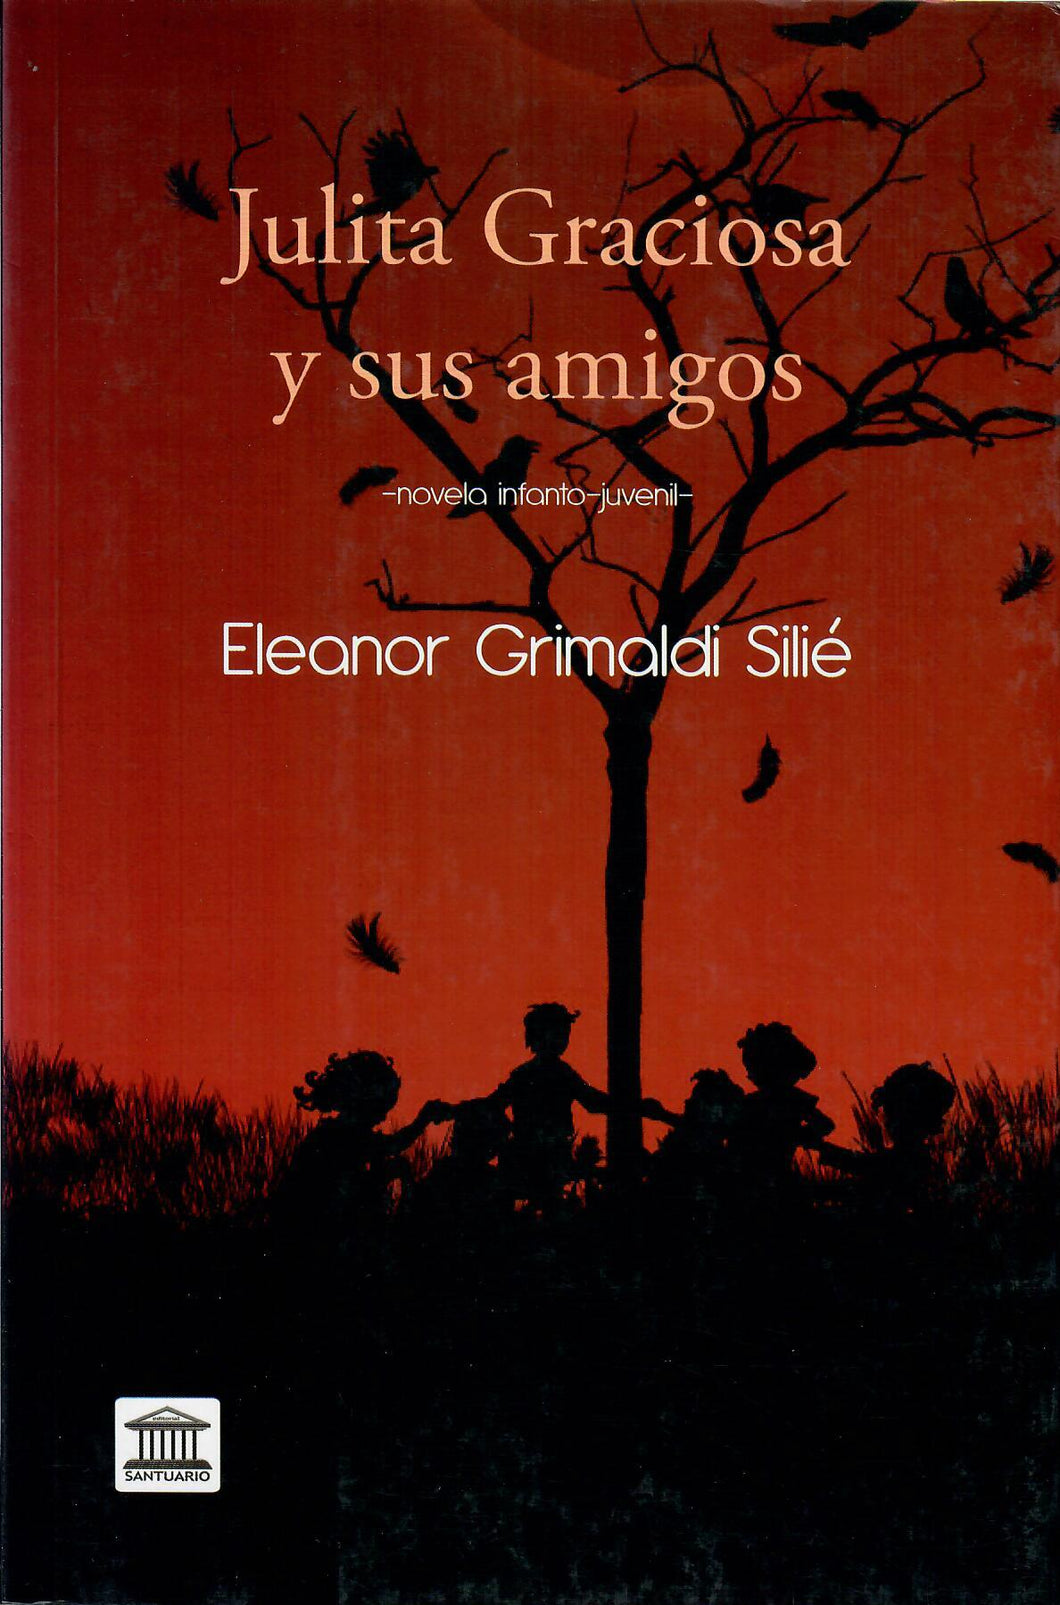 JULITA GRACIOSA Y SUS AMIGOS - Eleanor Grimaldi Silié
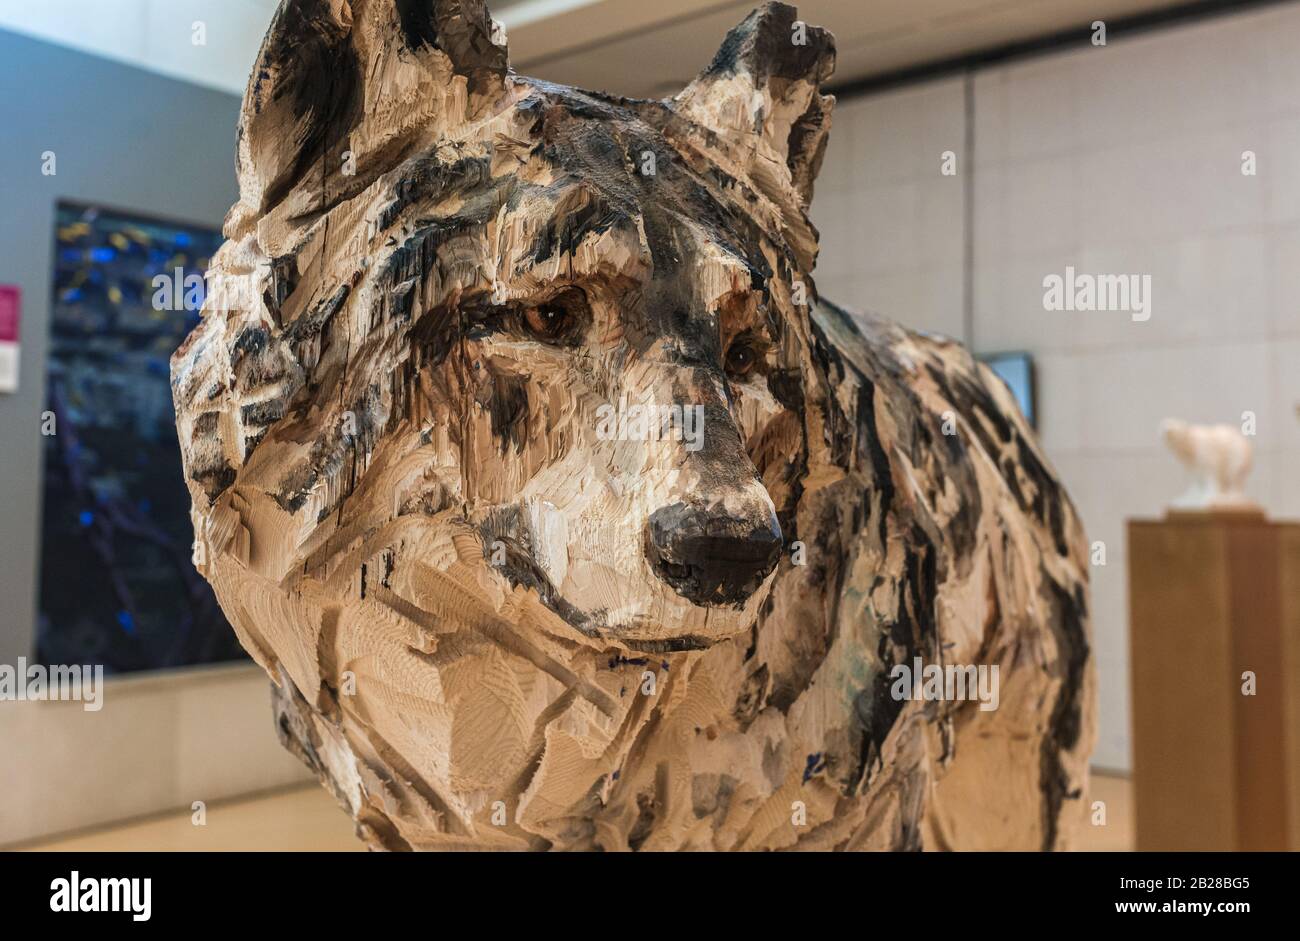 Sculpture en bois de l'artiste de Chainsaw Jurgen Lingl Rebetez exposé au musée scientifique interactif de trente, italie, décembre 2019 Banque D'Images
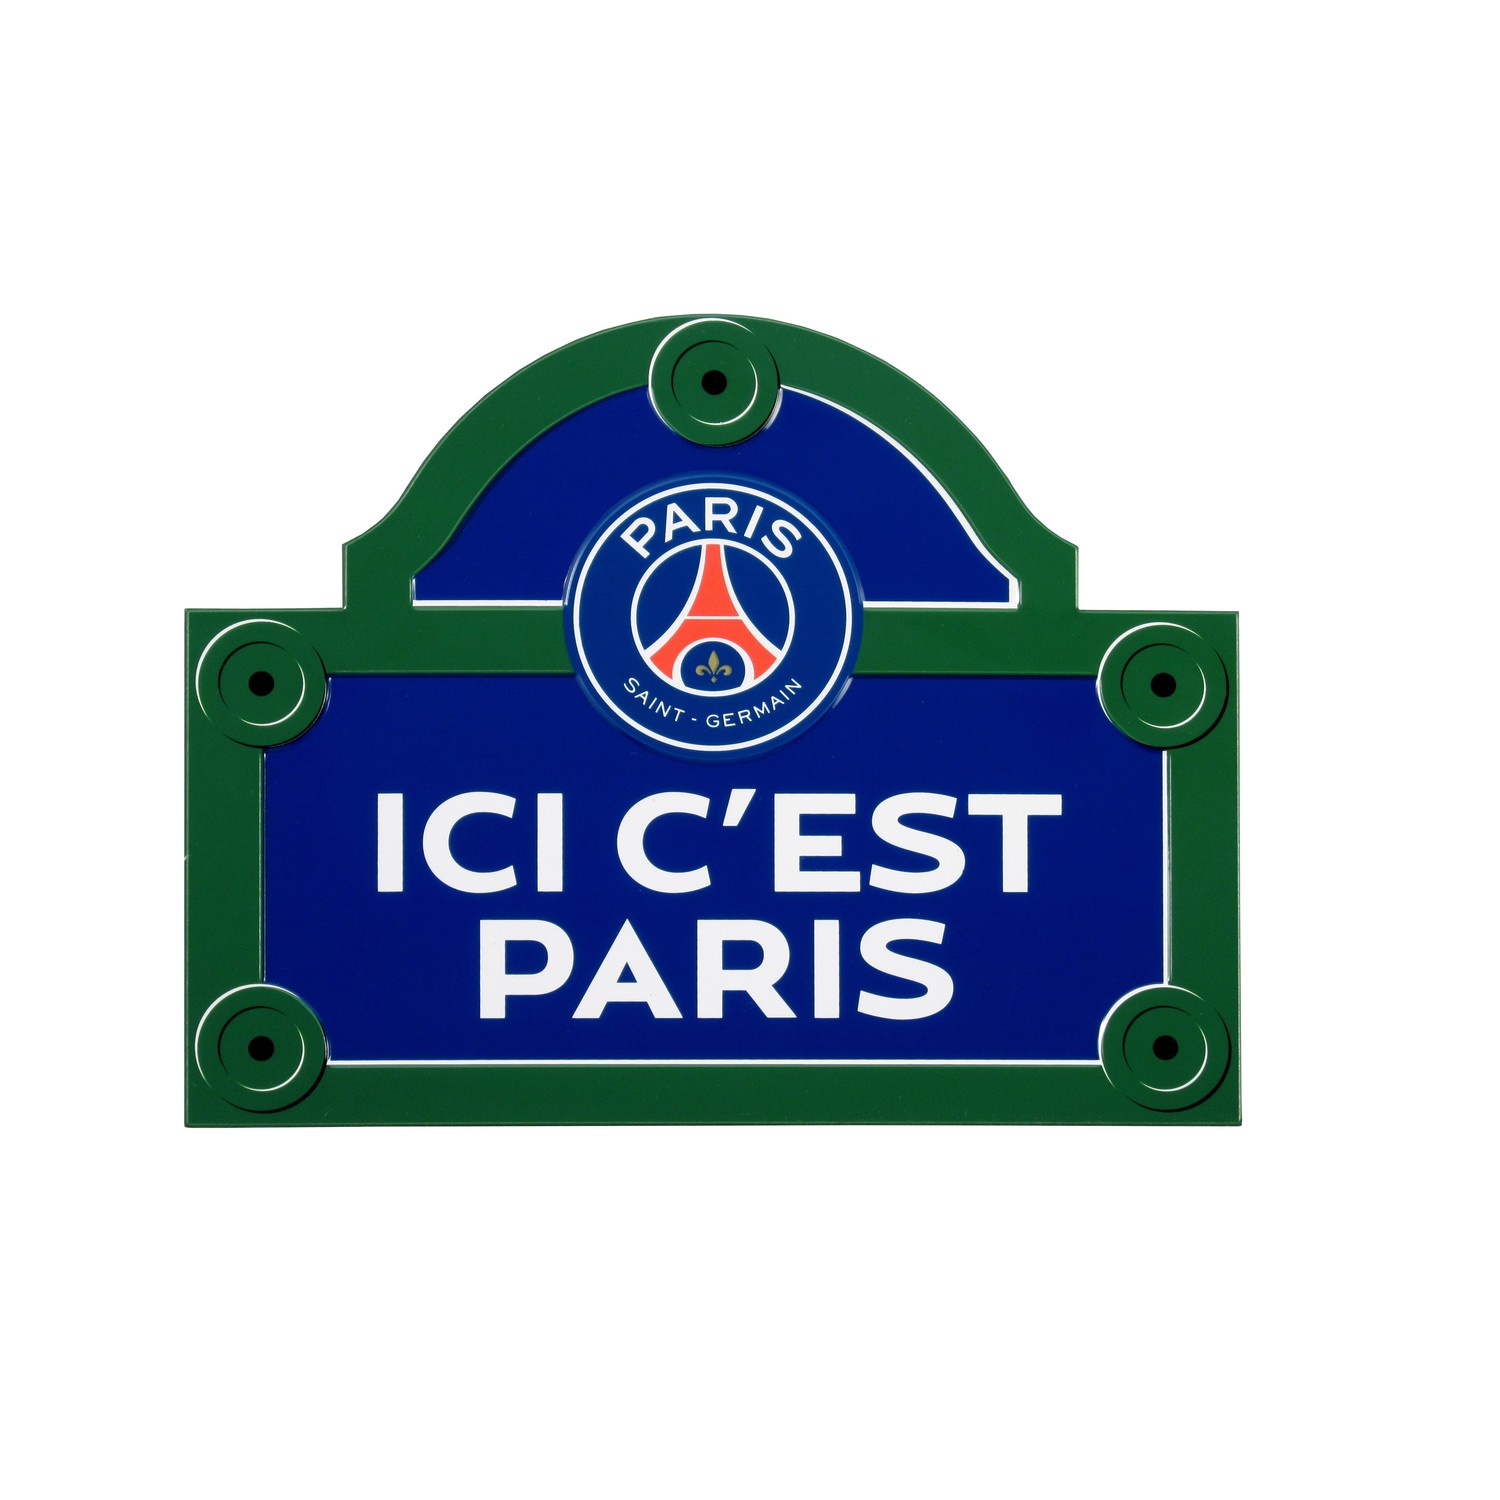 PSG Fanion de Voiture Ici Cest Paris Officiel 11cm Bleu

________________

**Aim of the exercise**
Since the pictures are not wanted, transcribe the rest of the listing above exactly.

**Solution for this task**
 JULITA GRACIOSA Y SUS AMIGOS - Eleanor Grimaldi Silié
 Sculpture en bois de l'artiste de Chainsaw Jurgen Lingl Rebetez exposé au musée scientifique interactif de trente, italie, décembre 2019 Banque D'Images
 PSG Fanion de Voiture Ici Cest Paris Officiel 11cm Bleu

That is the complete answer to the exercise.